IN 2023, Baptist Health’s HRO efforts focused significantly on developing a more robust Root Cause Analysis (RCA) process that provided a framework for Baptist Health staff to investigate safety events in further detail.
By doing so, Baptist Health identified deeper root causes to these safety events, which allowed us to generate more effective action plans to help prevent the same event from occurring again. Action items are now rated by their strength of action, which is based on how effective certain types of actions are at reducing the chance of an error in a sustainable way with less chance of relapse.
Training sessions were held with outside experts in the Root Cause Analysis process that was adopted along with side-by-side guidance during events as competency with the RCA model was built. After initial training and implementation, executive sponsors were identified, trained, and began supporting the new process and pushing for actions that were strong and meaningful to reduce the likelihood of events.
As a result of this more robust process, Baptist Health has seen a reduction of “deja vu” events, or events that look very similar if not exactly like those that have occurred in the past.

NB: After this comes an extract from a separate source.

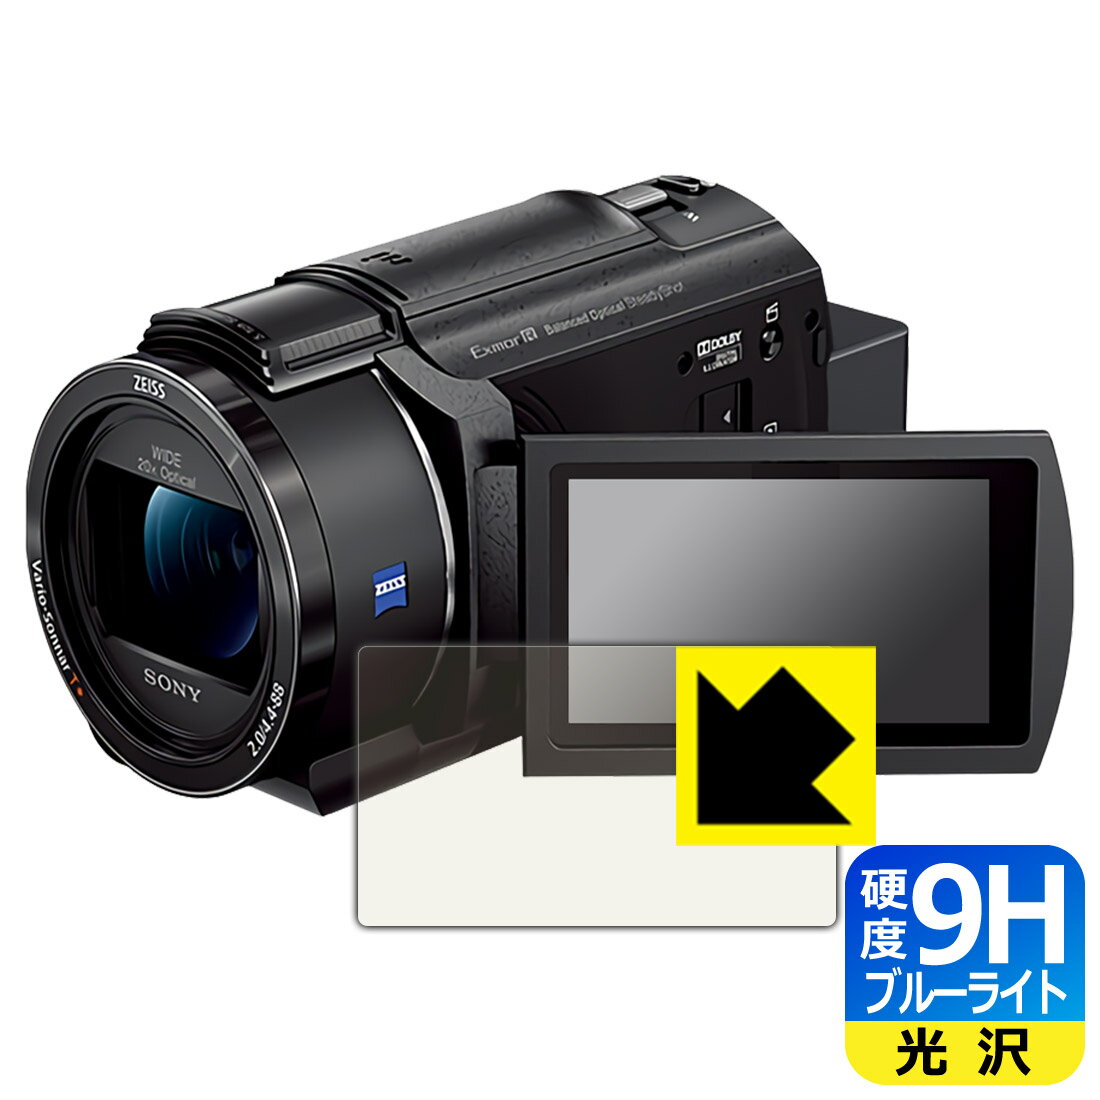 9H高硬度【ブルーライトカット】保護フィルム デジタル4Kビデオカメラレコーダー FDR-AX45A 日本製 自社製造直販

A large part of building an HRO team and competency within Baptist Health is culture change, which addresses system failures and the unwavering expectation of achieving zero harm. In 2023, Baptist Health began deploying leadership safety skills, universal safety skills, and universal relationship skills to build and shape the culture at all levels.
By the end of the year, these skills began appearing widely in employee communications across the system.
Baptist Health’s HRO initiative started in 2021 as the next iteration of continual improvement of quality outcomes and safety events. The initiative provides evidence-based practices around leadership and individual skills that promote these outcomes and encourages continued excellence in patient care delivery.
Two additional items that began in 2023 will have a significant impact on safety within Baptist Health. The first, Epic’s Beaker module, will affect safety and efficiency of lab-based safety events. The second involves installing a new policy management software that will allow Baptist Health to better access policies, protocols, and procedures that guide the standard of care and the culture of the organization.
As part of Baptist Health’s commitment to excellent patient care, the system began self-reporting quality and safety data to Leapfrog in the fall of 2021. Leapfrog is a nonprofit organization that collects publicly reported and self-reported quality data from health care organizations and uses the data to evaluate performance around quality and safety.
Once Leapfrog completes an evaluation, letter grades are released to represent an organization’s overall performance. These letter grades range from an “A” to an “F” and consider measures that pertain to clinical outcomes, patient experience, and structures that promote safety and quality. Baptist Health is committed to achieving an “A” rating with Leapfrog for all of its participating hospitals.